Tuesday, October 2, 2007

She's Gone and She Won't be Back, Well Somewhat.


Moving on is the process of creating your future. If you don’t find yourself moving on then your present will suggest that you are stuck in the past and unless it was the bomb, without regrets, you must be very depressed right now.

Although my future seems to have been the past repeated “same shit, different day” scenarios for the last ten years, I have to admit the different environments give me a sense optimism. Maybe things will be different this time and I won’t make the same mistakes again is the game plan. As applied to my recent bold moves, I can only say so far so good.

Throughout my life, I have been told by instructors, mentors, and elders that everyone learns from their mistakes but in my experiences, I have found that this is not true. What if the individual has no accountability and lacks hindsight? How many people do you know that when questioned about making the same mistake again, their response is just the sad “I know”. Well not me, I am that once bitten, twice shy kind of woman.

Where am I going with all this? Well I am in a much better place right now. Everything is new but not unfamiliar so adapting is a cinch. I know where I am headed and I see nothing but success in my present future. I’ve moved on, and the change in environment doesn’t intimidate me. So why am I constantly looking into my not so distant past? I am not sure if I am making sure I dotted every “I” and crossed every “T” but whatever it is, I hope that one day my past will stop haunting me and moving on will not include the reflection of my past.

Thursday, April 26, 2007

I Know That's RIght, Apology Accepted!




I know that Mr. Cosby would appreciate any apology, so I will accept it in his absence.

Why would I do such a thing you all ask? Well, as a wife and mother of five, I could relate to EVERYTHING that Mr. Cosby has bitched at the Black community about in the last two years. I know what it means to be more than a responsible parent, I am a ACCOUNTABLE parent, and in this day in age, you need both to keep your kids in line.

I have a 15 year-old son, who has kissed a girl, looked a a soft smut film, and believe it or not, he is a virgin. And I also know how many times he's been absent or late, and he currently has a C average. Now how many hood derived parents could attest to that?

I lived in a lot of Hoods in my life. I currently live in a White hood and believe me, Mr. Cosby should have had a word or two for these parents also. Sex, pregnancy, crime, drugs, underage drinking, and violence surround all children, in the streets, music, television, and video games. How our children get overexposed to these outlets is the parents fault, in my and his opinion. Teaching values and ethics is my job, not the industry. I am accountable for my child's rearing, and I take it very seriously.

More parents should engage their children's lives. Find out what is on their minds. Discuss what media interests them. Watch and listen to what interest them. Keep the lines of communication open and you will have better, not complete, control of their actions.

Mr. Cosby has always been there for the children of the hood, hell he made a show to display that they have interests, education, and honor amongst their fellow brother (and sister, wasn't Russell/Bucky a Gal? Who could tell under all dem clothes!).

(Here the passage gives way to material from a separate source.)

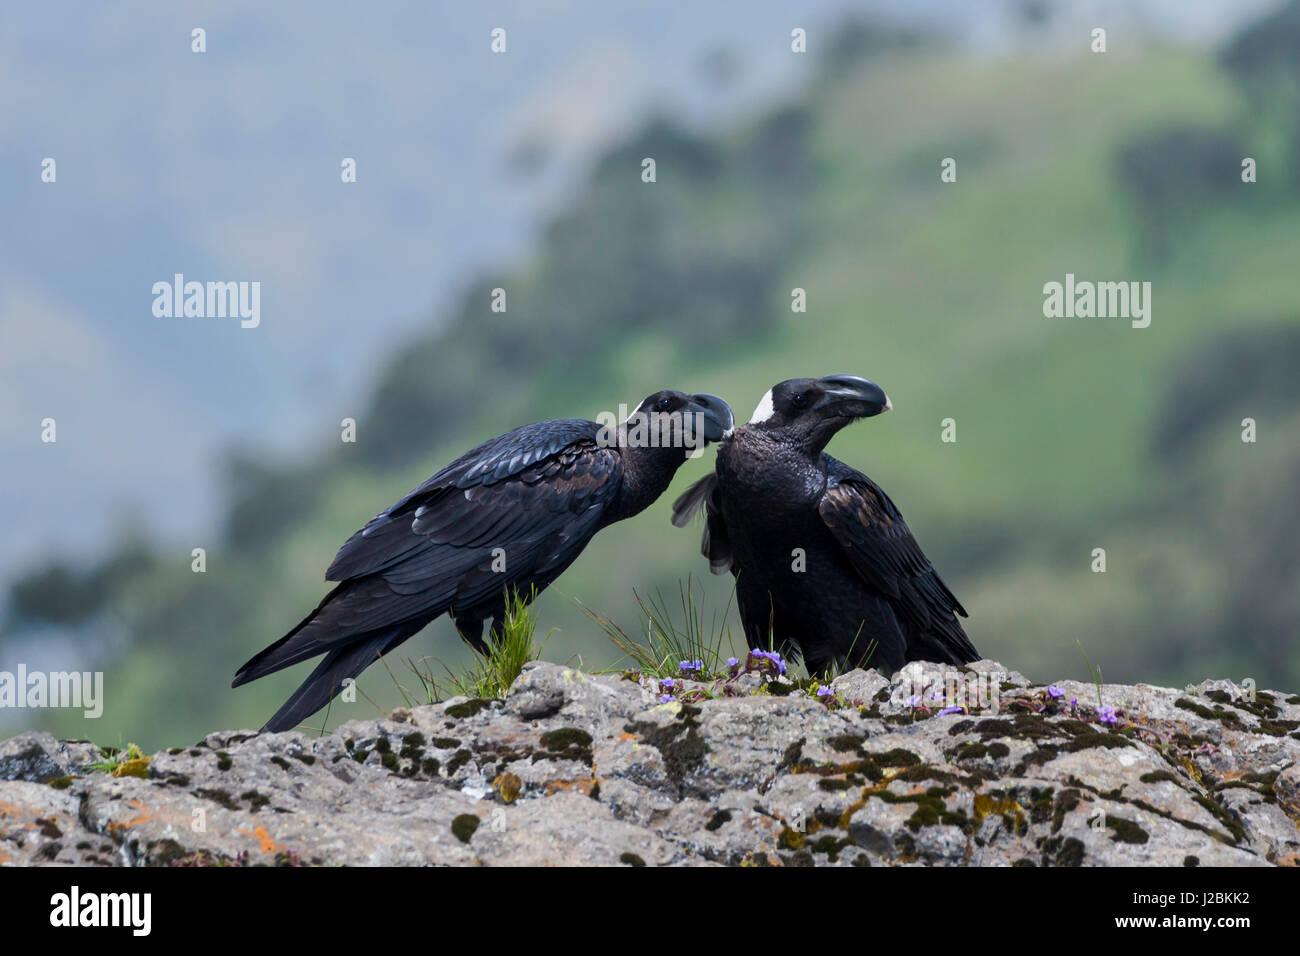 Africa, Ethiopian Highlands, Western Amhara, Simien Mountains National Park, Thick-billed ravens, (Corvus crassirostris). - Stock Image

Anywho, thanks to everyone that showed the Cos some love, and next time you nay-sayers want to rip him a new one, ask me first!

Thursday, March 29, 2007

Could I Be a Better Poster Child?


I suffer from diabetes and hypertension and I have to say that it began in good ole Barbecue, fried fish, as a matter of fact, fried everything Kansas City Missouri.

One pregnancy, and now a life-altering illness. It took Luther, Barry and many other Black icons away from us, and I am sure that a few of you lost a aunt, uncle or grandparent. Really, I know you may have lost more.

Diabetes and Hypertension are also known as the "Silent Killer" because you feel fine, although you are dying slowly. A huge hint of diabetes is the thirst. Hypertension, honestly there is no way of knowing, well until you are about to have a stroke or heart attack.

Get yourself checked. Shoot, go to the house of that family member that has a cuff or a glucose meter and check. You can also call the American Diabetes Association, or the Heart and Stroke Foundation to find various health check clinics.

You only have one life to live. Don't let food and a lack of exercise cut it short, unless you are a lazy, indulgent glutton and you are into that kind of thing.